К огромному удивлению кухарки, подойдя к плите, он заглянул в каждую кастрюлю, что ему совсем было не свойственно, чтобы убедиться, не пристало ли жаркое ко дну, повернул вертела, чтобы всполох огня in extremis[2] не опалил мясо, затем вернулся в прихожую и прошел в обеденный зал. Окинув взглядом бутылки, маркиз сдвоил их ряды и, убедившись, что стол накрыт по всем правилам, довольный своим осмотром, вернулся в гостиную.

Там он застал дочерей, ибо сторожить ворота замка было доверено Розине (по первому стуку молотка она должна была дернуть за веревку).

Девушки молча сидели по обе стороны камина. Мари казалась взволнованной, а Берта — задумчивой. Все мысли девушек были лишь об одном Мишеле.

Мари, предположив, что молодой барон отправился вслед за Бонвилем и Малышом Пьером, волновалась, представляя себе, какие трудности и опасности подстерегали его.

Берта же была целиком во власти той пьянящей радости, которая охватывает влюбленное девичье сердце, когда ему открывается, что его избранник отвечает взаимностью. В глазах молодого барона она прочла, как ей показалось, признание и подумала, что робкий и застенчивый юноша поборол свою нерешительность и рисковал жизнью исключительно ради любви к ней. Она подумала, какой же великой должна была быть любовь молодого человека, чтобы совершить такой переворот в его душе. Предаваясь мечтам, она строила воздушные замки и сурово упрекала себя за то, что не вернула его в гостиную, когда заметила, что его не было среди тех, кто спасался бегством благодаря его великодушному поступку.

Неожиданно она улыбнулась, подумав, что он, по всей видимости, находится где-то поблизости и прячется в каком-нибудь укромном уголке замка, чтобы тайком наблюдать за ней, и стоит ей только выйти во двор или в парк, как он тут же появится перед ней со словами: «Вот видите, на что я способен ради одного вашего взгляда!»

Маркиз едва успел устроиться поудобнее в кресле, и у него еще не было времени заметить настроение дочерей, которое он, впрочем, отнес бы на счет совсем других причин, как послышался стук молотка в ворота.

Маркиз де Суде вздрогнул. И вовсе не потому, что стук оказался неожиданным для него. В ворота стучали совсем не так, как можно было ожидать: кто-то довольно робкий, почти раболепствующий, не имевший ничего общего с армией, держал в руке молоток.

— О! — заметил маркиз. — Что это?

— Мне кажется, что кто-то постучался в ворота, — очнувшись от своих мыслей, ответила Берта.

— Да, кто-то постучался, — подтвердила Мари.

Маркиз, как настоящий мужчина, рассудил по-другому и, тряхнув головой, произнес: «Не в этом дело»; он подумал, что в подобных обстоятельствах надо все видеть собственными глазами, и не только подумал, но и решил это сделать.

Поэтому он встал, покинул гостиную, пересек прихожую и вышел на первую ступеньку высокого крыльца.

В самом деле, вместо сабель и штыков, которые, как он ожидал, должны были блестеть в темноте, вместо грубых солдатских усатых физиономий он увидел перед собой лишь раскрытый купол огромного синего зонта, поднимавшегося навстречу ему по ступенькам крыльца.



Приближавшийся зонт, похожий на панцирь гигантской черепахи, грозил своим острием, словно ребром античного щита, угодить ему в глаз, что вынудило маркиза приподнять край зонта, и он увидел перед собой мужчину с хитрой лисьей мордочкой со сверкающими, словно два рубина, маленькими глазками; на нем был высокий с очень узкими полями котелок, который так часто чистили щеткой, что он блестел в темноте, словно лакированный.

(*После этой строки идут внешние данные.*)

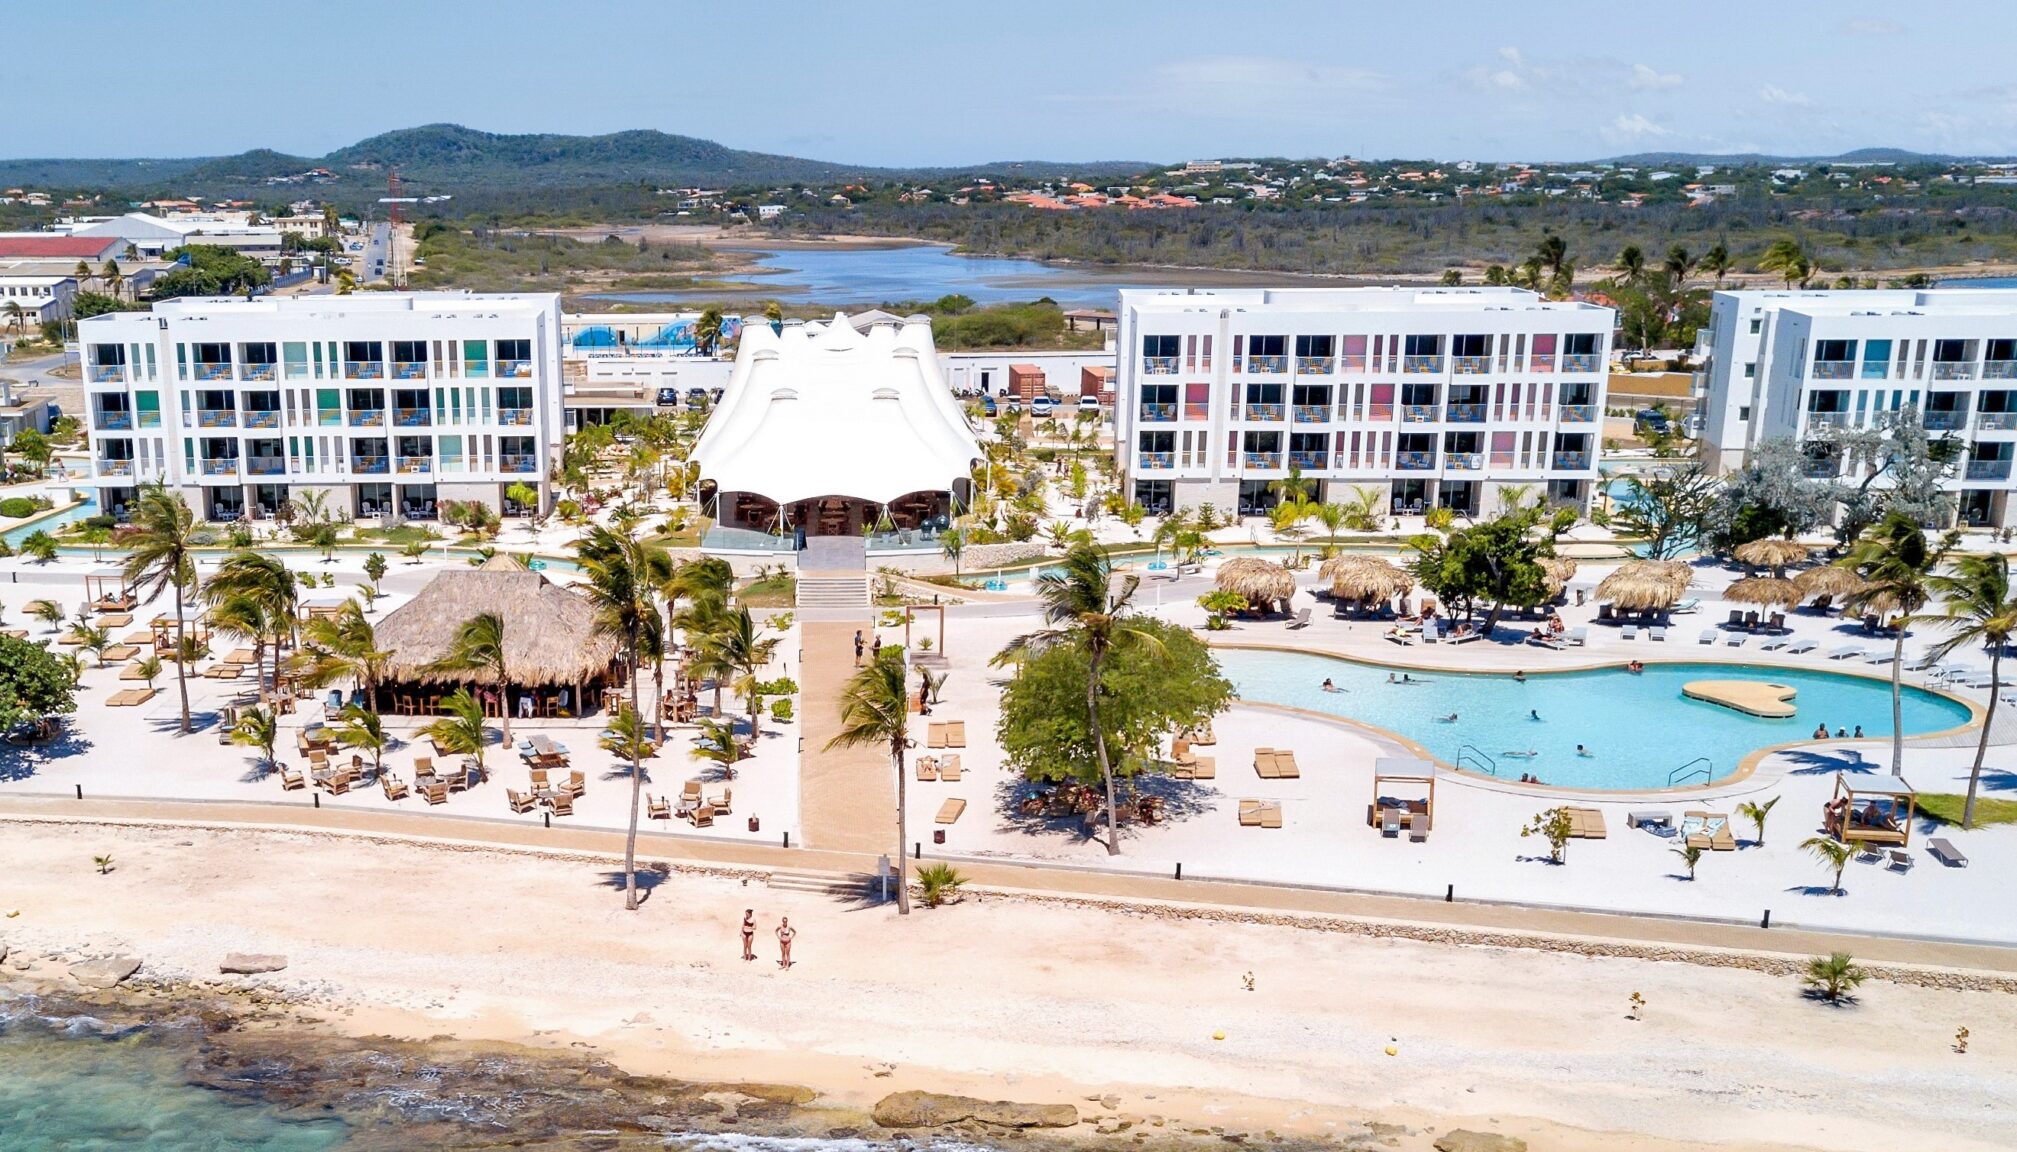 Chogogo Dive & Beach Resort: ook voor niet-duikers een heerlijk resort op Bonaire

— Тысяча чертей! — воскликнул маркиз де Суде. — Это же мой кум Лорио!

— Всегда к вашим услугам, если вы в таковых нуждаетесь, — произнес вновь прибывший писклявым голосом, который становился замогильным, как только его владелец старался придать ему елейные нотки.

— Добро пожаловать в Суде, метр Лорио, — произнес маркиз таким бодрым голосом, словно приход Лорио, которого он встречал со всей сердечностью, обещал доставить ему огромную радость. — Сегодня вечером я ожидаю много гостей, и вы на правах нотариуса хозяина дома поможете мне их достойно принять. Входите поскорее и поздоровайтесь с моими дочерьми.

И старый дворянин совершенно непринужденно первым направился в гостиную, что свидетельствовало о том, насколько маркиз соблюдал дистанцию между собой и простым деревенским нотариусом.

Следует отметить, что метр Лорио с такой тщательностью стал вытирать ноги о коврик, лежавший перед дверью этого святилища, что вся учтивость, которую маркиз счел бы уместной ему оказать, оставшись позади него, обернулась бы для старого дворянина настоящим мучением.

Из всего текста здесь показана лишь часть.